ペット医療コラム

【vol.81】去勢・避妊手術で防げる腫瘍〜乳腺・精巣・卵巣・子宮の腫瘍〜

7月になり、季節は夏。低温と6月の雹の影響が農作物に被害を与えているとのこと…心配です。 収穫の秋まではたいへんなご苦労が続くかと思いますが、報われるよう祈っております。 また、東日本大震災で被災した動物や動物病院に対する義援金の協力を、本当に多くの方々からいただきました。 北海道獣医師会を通して、既に救護センターや被災獣医師会に届けられていると報告を受けています。ご協力ありがとうございました。
今回は雄と雌の生殖器の腫瘍のことを書こうと思います。
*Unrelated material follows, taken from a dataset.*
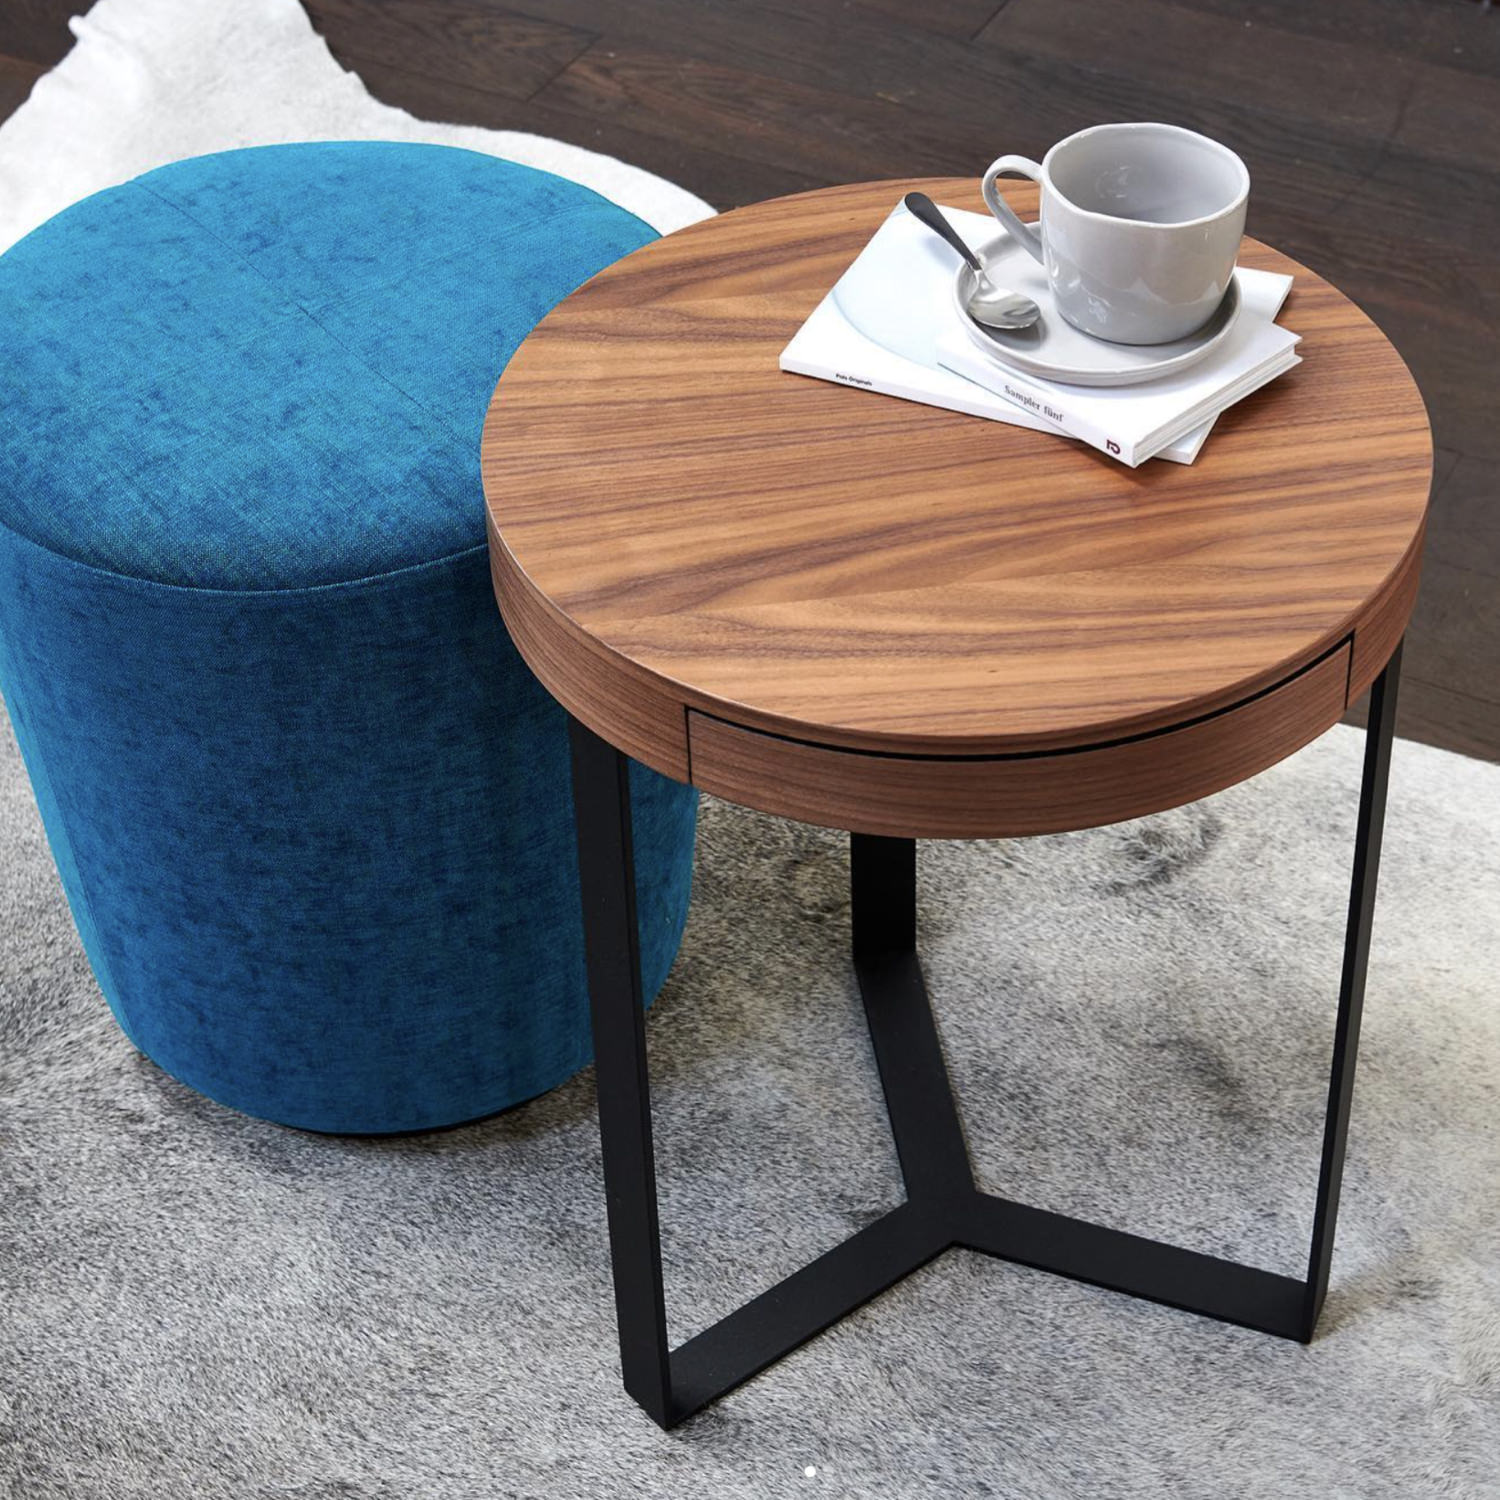 Designer Furniture UK, Lambert furniture UK

2009年8月にも書きましたが、再度書きます。 というのも最近これらの器官の腫瘍の来院が多く、重症な場合が多いからです。 これらの腫瘍は若い時に手術しておけば予防できるはずなのに、手術されていないのは飼主さんの主義や考えに寄るところが多いのですが、我々が情報を発信するのが足りなかったと反省しています。
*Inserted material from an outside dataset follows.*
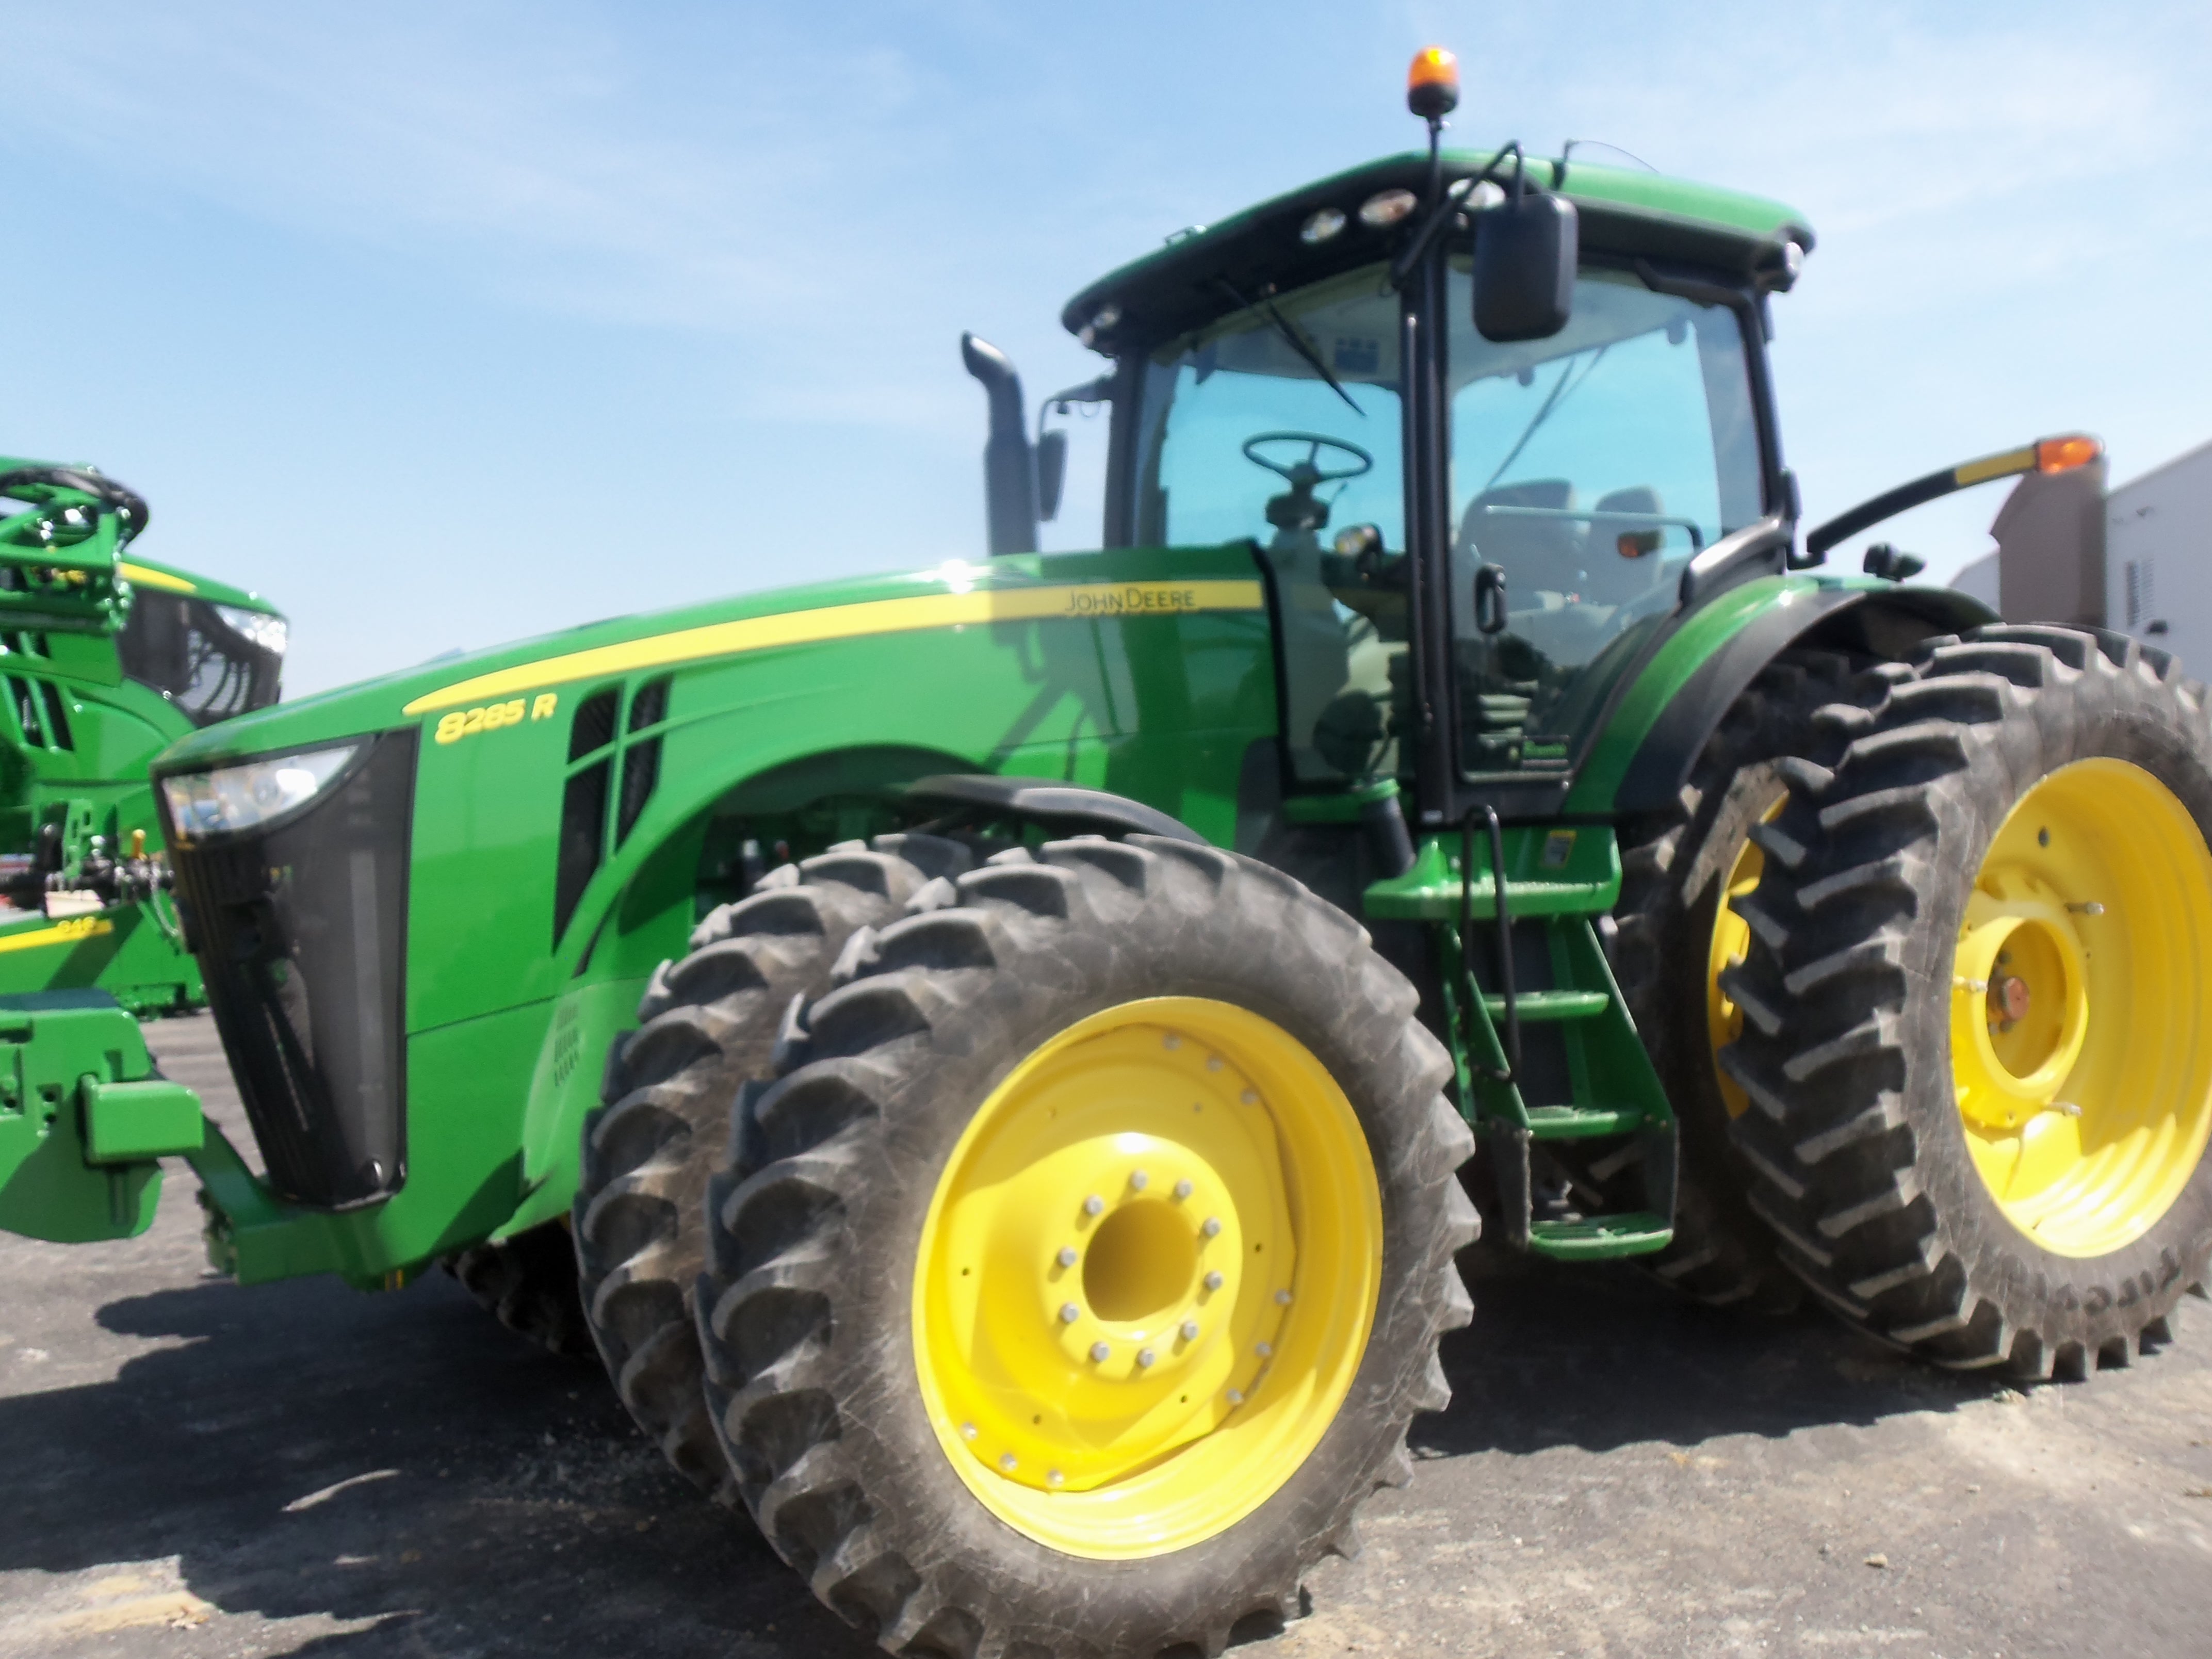 John Deere 8285R row crop tractor. | John Deere equipment | Pinterest

まず雄ですが、ペット屋さんから購入する前に精巣がちゃんと正常な場所にあることを確認して下さい。 精巣が陰嚢内に入っていない場合(潜在精巣)は、正常と比べ8倍も腫瘍になる可能性が高いと言われています。 内股のソケイ部にあることもありますし、お腹に残っている場合もあります。 精巣は陰嚢内で体温より低い場所にあって初めて正常な機能を発揮します。 潜在精巣は精子をつくる機能もありませんので、早めの手術をお勧めします。
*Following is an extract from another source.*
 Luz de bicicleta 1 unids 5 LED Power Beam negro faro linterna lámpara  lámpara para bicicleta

また、正常な場所にあっても中年以降に精巣腫瘍になることがあります。 精巣腫瘍のタイプはセルトリー細胞腫、精上皮腫、ライディッヒ細胞腫が大部分を占めます。 転移することは比較的少ないですが、腫瘍からエストロジェンという雌性ホルモンを産生するタイプがあり、腫瘍を長期にわたり放っておくと、そのホルモンの影響でエストロジェン中毒になり、雄なのに乳腺は張ってきたり、脱毛したり、ペニスが小さくなったりします。 また、骨髄(血液をつくる場所)抑制にもなり再生不良性貧血になります。 ここまで進行しますと手術をおこなっても貧血は治りません。つまり延命処置しかできません。 この他に去勢手術をしておくと予防できる病気として、前立腺肥大、肛門周囲の腫瘍、会陰ヘルニアなどがあります。
次に雌ですが、よく知られているのが避妊手術の時期と乳腺腫瘍との関係です。 生後1年、もしくは最初の発情後までに避妊手術を行なうと、乳腺腫瘍の予防効果は犬も猫も約9割あります。 その後は徐々に予防効果は落ちていきます。 乳腺腫瘍は犬の場合は約50%が悪性。
猫は約90%が悪性ですので、子どもを作らない場合は積極的に手術をお勧めします。 避妊手術は両側の卵巣と子宮を摘出しますので、卵巣や子宮にできる腫瘍は予防できます。 卵巣腫瘍は発生率は低いですが、気付くのが遅く、手遅れになる場合や前述のエストロジェン中毒になっている場合もあります。 子宮腫瘍はほとんどが平滑筋腫という良性腫瘍ですが、ごくまれに悪性の場合もあります。腫瘍の他にも子宮蓄膿症なども予防もできます。 このように去勢や避妊手術で予防できる腫瘍があります。 最近は麻酔後の痛み止めもしっかりできますので是非ご一考を。